So in conclusion i am going to argue to the OP that the route to go is doing a retrofit if he has the money because of the increased light output (if you use 4300K or 5000K bulbs) and the look (if you do it correctly). 

However if you don't have any money or don't want to put in any effort an ecode reflector with upgraded HALOGEN bulbs is a good alternative


----------



## gti vr6er (Oct 8, 2010)

^^^Yes, but the question is: Will larger projectors like the TL ones fit into a GTi housing? Because, just judging from the looks the Jetta housings have alot more room, particularly in the lowbeam portion. I could be wrong but I think that's why you see so many GTi's, including OEM HID's, having small projectors- which eventhough their small, people still say it's a really tight fit. 

So what route would you recommend for a mk4 GTi/golf owner to upgrade their lighting and visibility? I myself have tried all sorts of halogen bulbs, cleaned/shined the reflectors, cleaned/refinished the lens to clear and aligned/aimed them but my visibility at night is just poor regardless of what I do. It seems my lights are bright but have no travel down the road further than a car or two-which is def not enough visibilty to give u enough time to react safely if a ladder was on the road. 

I just can't see! 

P.S sorry I'd this feels like a thread jacking but im pretty sure the orig poster has the same questions as it seems we're on the same boat.


----------



## PA-TDI (Feb 10, 2009)

TL's will not fit into a GTI/Golf headlight.

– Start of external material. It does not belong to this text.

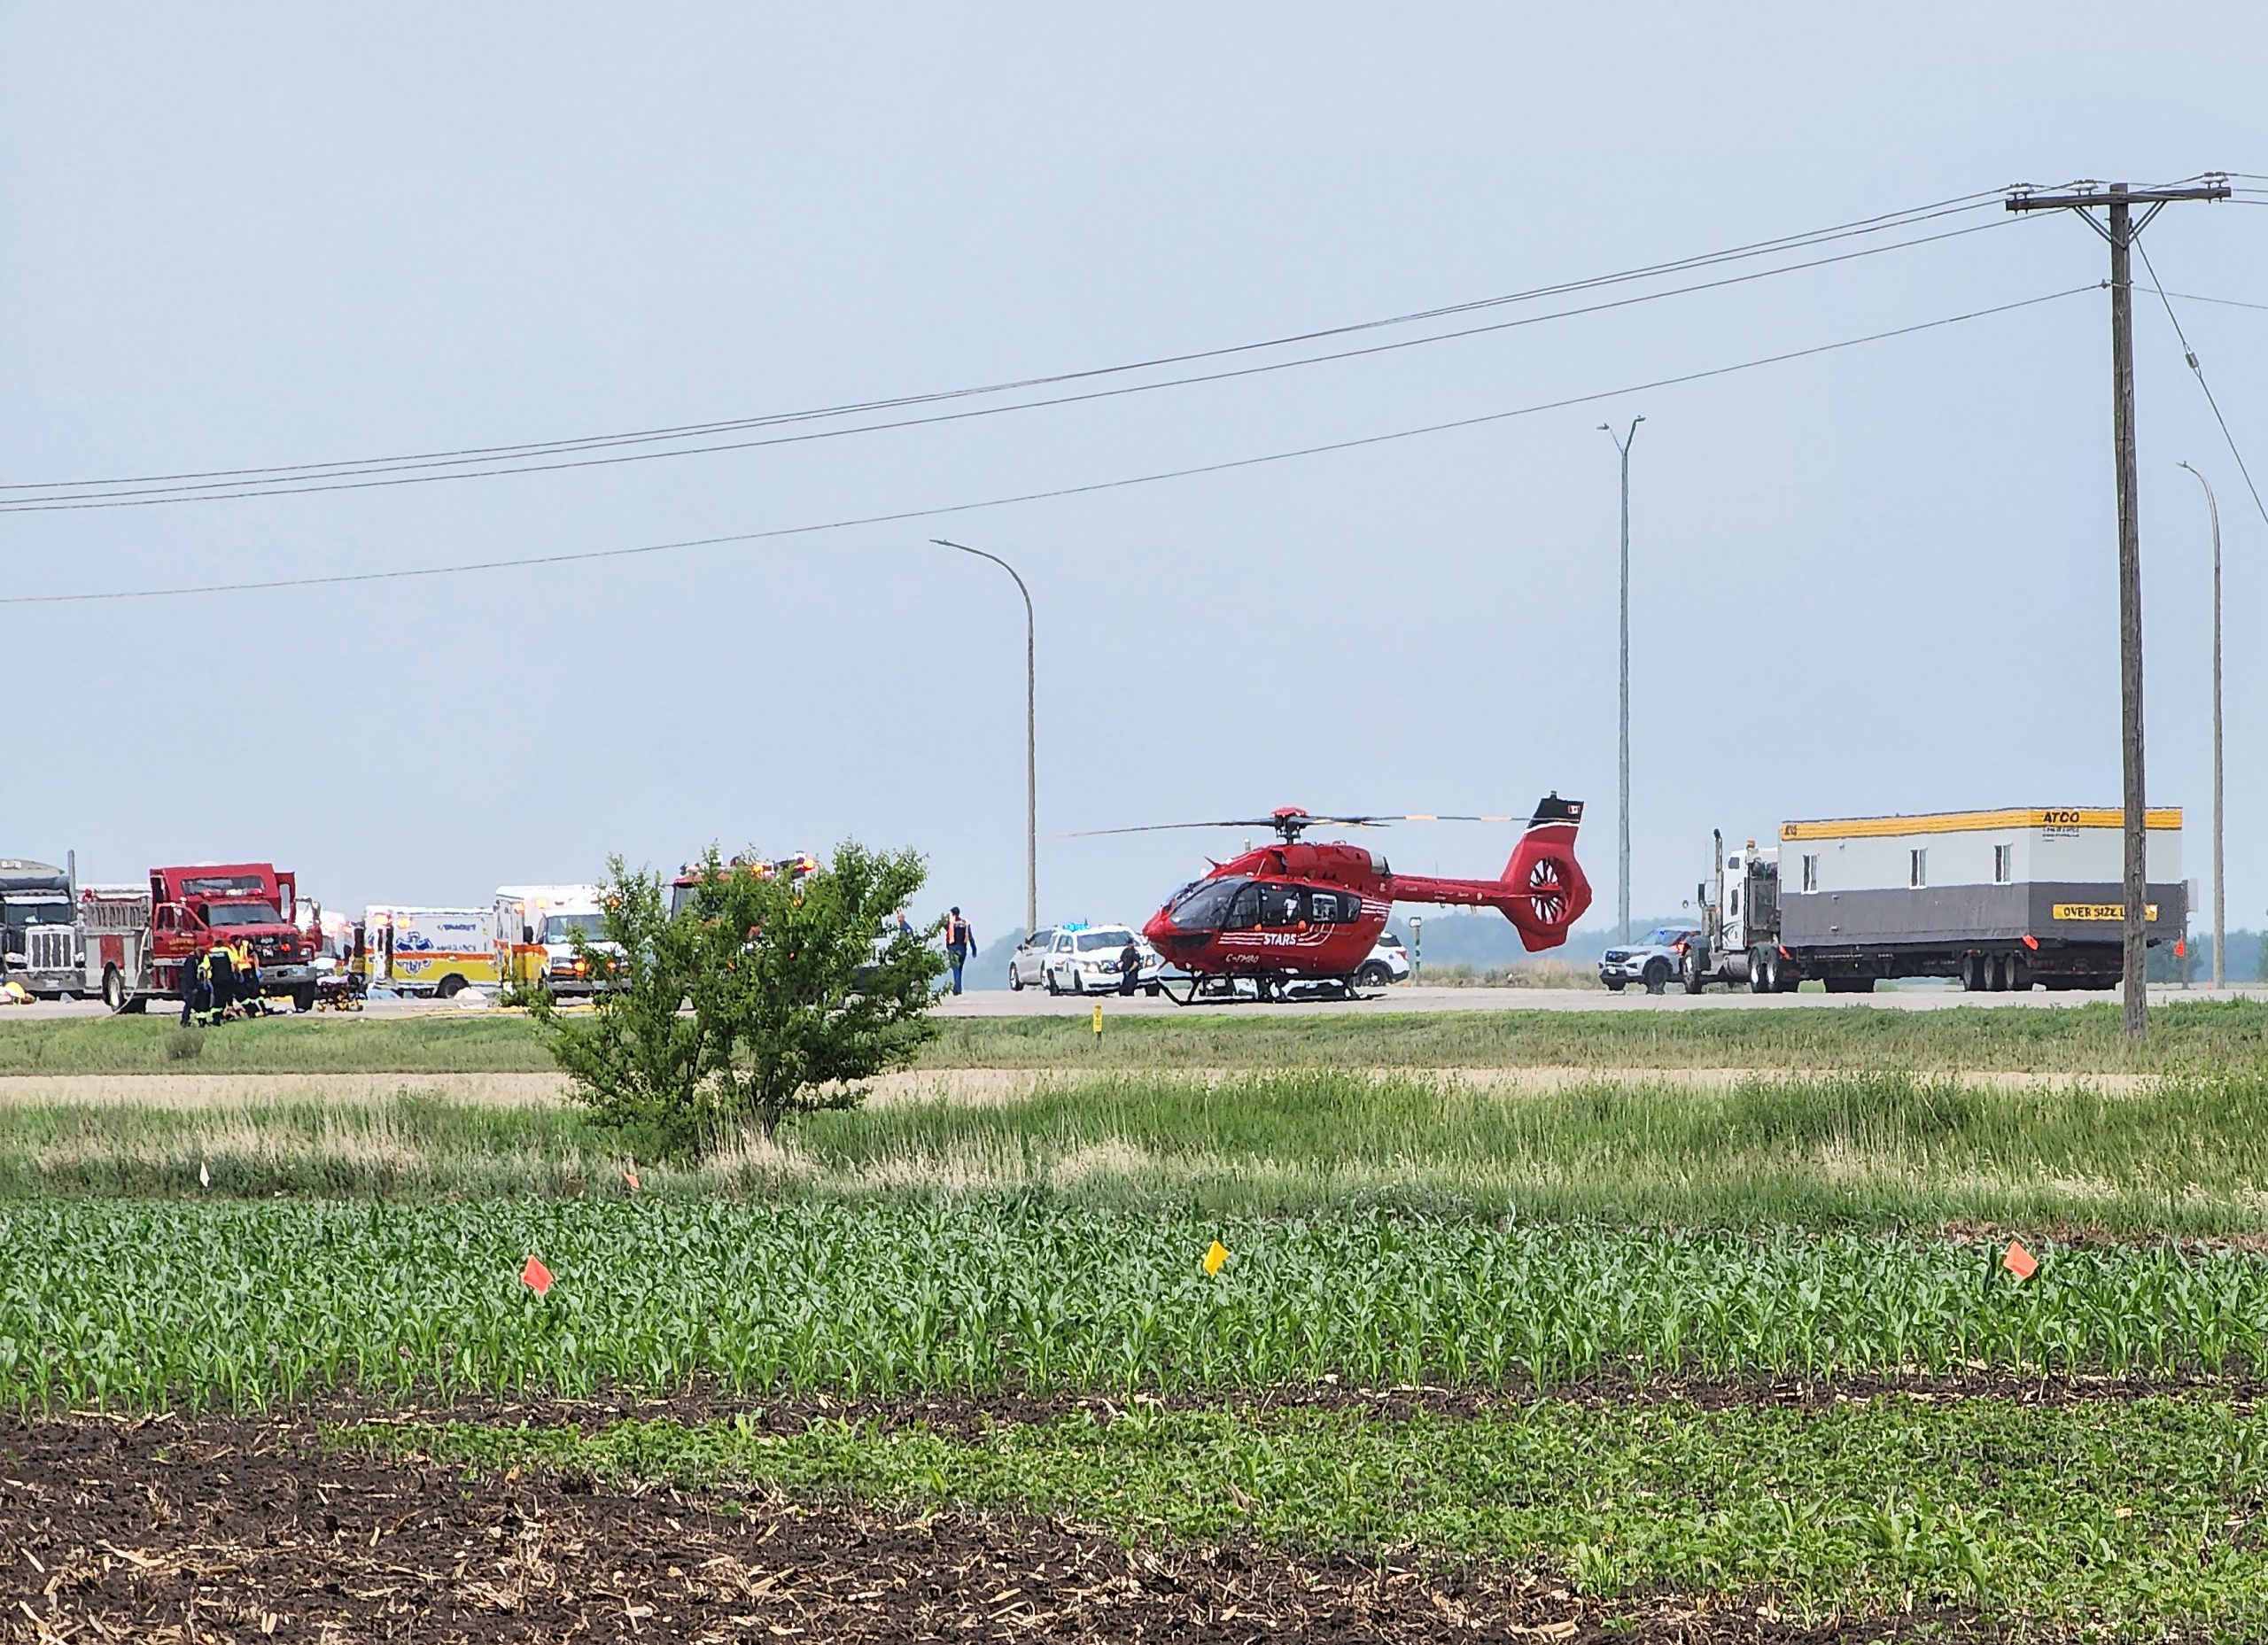 A crash, as shown in this handout image provided by Nirmesh Vadera, has closed a section of the Trans-Canada Highway near Carberry, Manitoba on Thursday June 15, 2023.

I've tried, trust me.. I'd say the best projector that WILL fit into a GTI/Golf housing has got to be the FX-R projector.


----------



## gti vr6er (Oct 8, 2010)

PA-TDI said:


> TL's will not fit into a GTI/Golf headlight. I've tried, trust me.. I'd say the best projector that WILL fit into a GTI/Golf housing has got to be the FX-R projector.

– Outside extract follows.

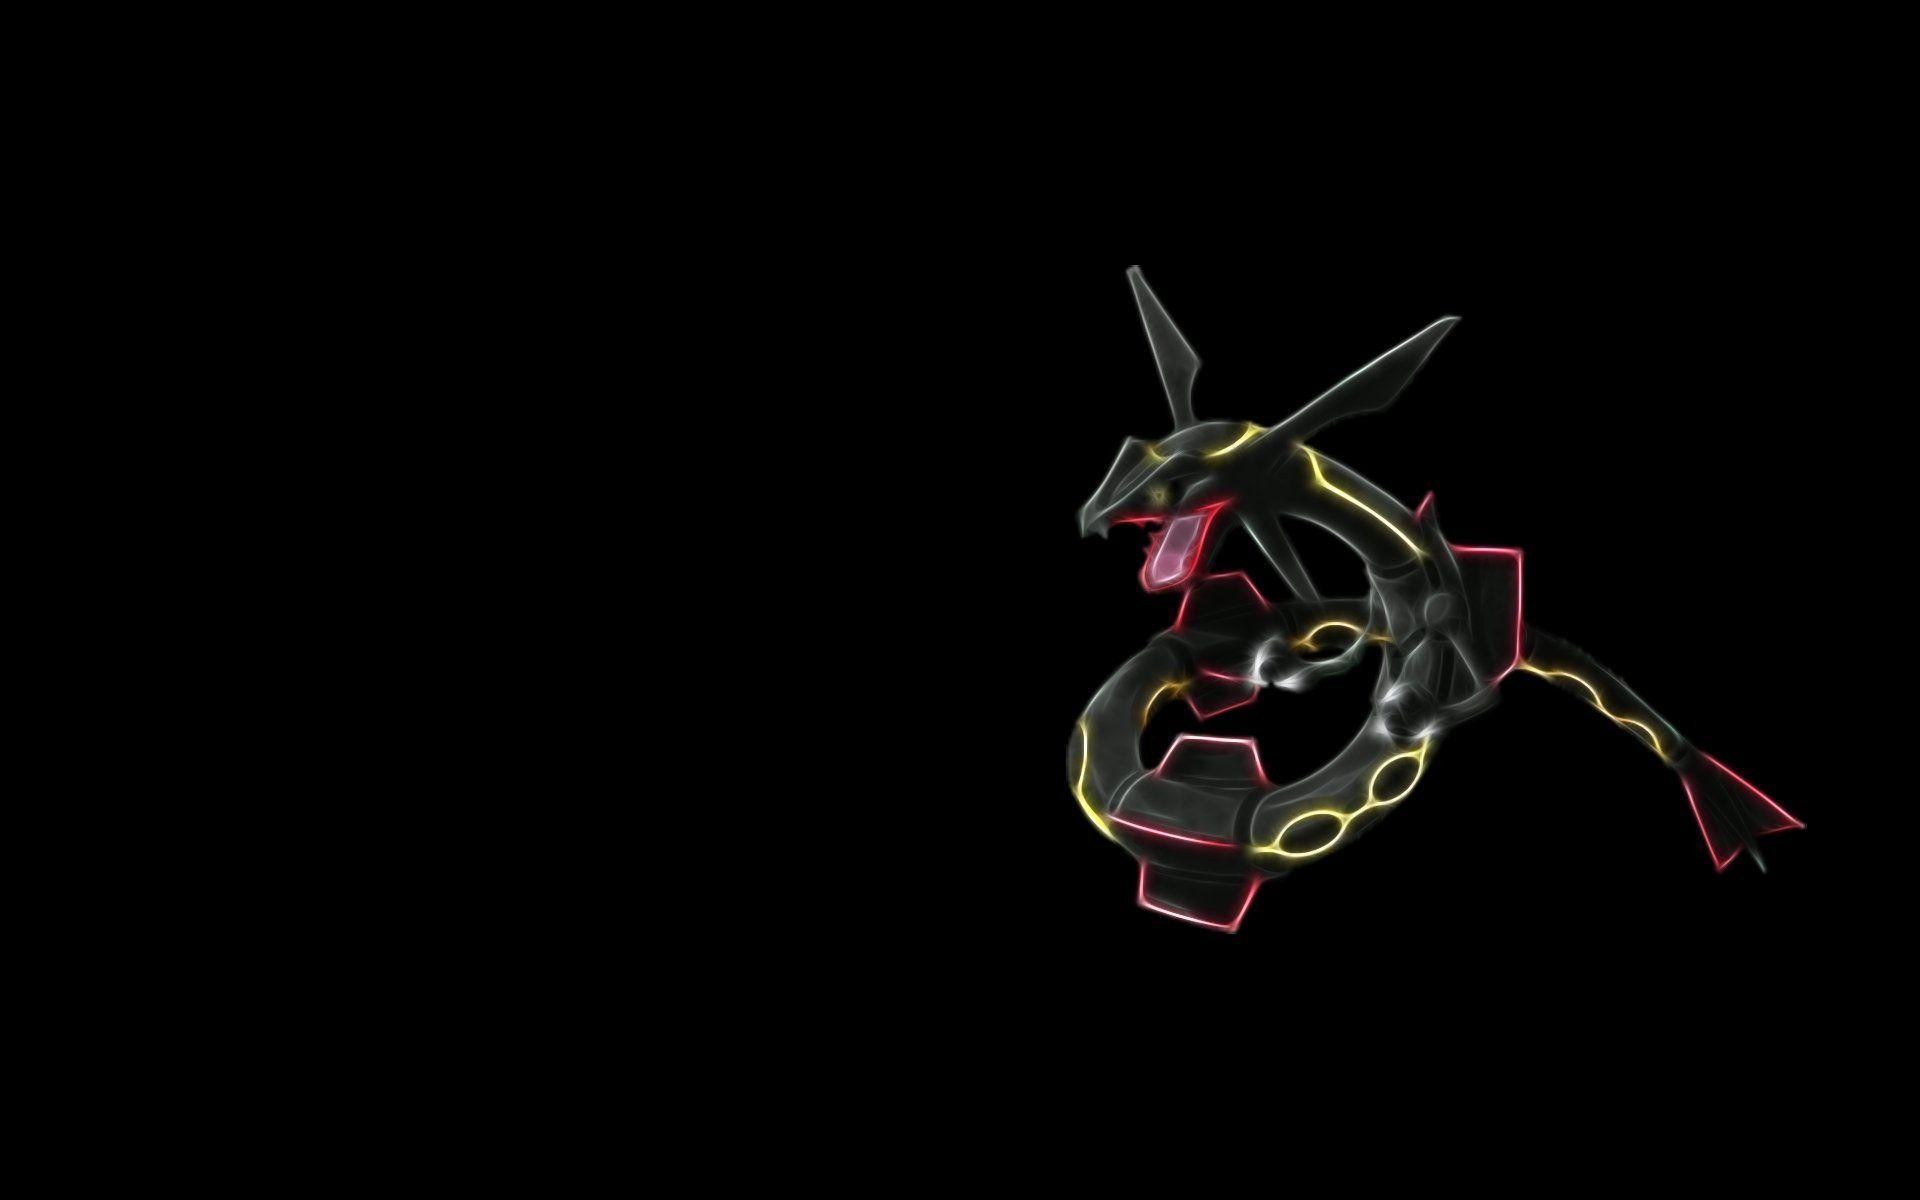 1920x1200 Pokemon Rayquaza Kyogre Groudon Vs High Quality Wallpapers, HQ .

 Are they be big enough to give a decent spread of light and not a sharp beam as the posts above are mentioning? Also, what shrouds did you use? There are GTi ones but I've heard of GTi's using the e46 ones. If so, I'll look into that route as i can't see sh!t at night.


----------



## MechEngg (Jan 13, 2009)

gti vr6er said:


> ^^^Yes, but the question is: Will larger projectors like the TL ones fit into a GTi housing? Because, just judging from the looks the Jetta housings have alot more room, particularly in the lowbeam portion. I could be wrong but I think that's why you see so many GTi's, including OEM HID's, having small projectors- which eventhough their small, people still say it's a really tight fit.
> 
> So what route would you recommend for a mk4 GTi/golf owner to upgrade their lighting and visibility? I myself have tried all sorts of halogen bulbs, cleaned/shined the reflectors, cleaned/refinished the lens to clear and aligned/aimed them but my visibility at night is just poor regardless of what I do. It seems my lights are bright but have no travel down the road further than a car or two-which is def not enough visibilty to give u enough time to react safely if a ladder was on the road.
> 
> ...


 TL's will not fit in the golfs/GTI's without pretty major modifications. Hell they didn't even fit in my jetta without MAJOR modifications. I have 2mm cleanance between the shrouds and the front lenses and 2mm between the back and the washer fluid container and zero space between my new housing and the battery. 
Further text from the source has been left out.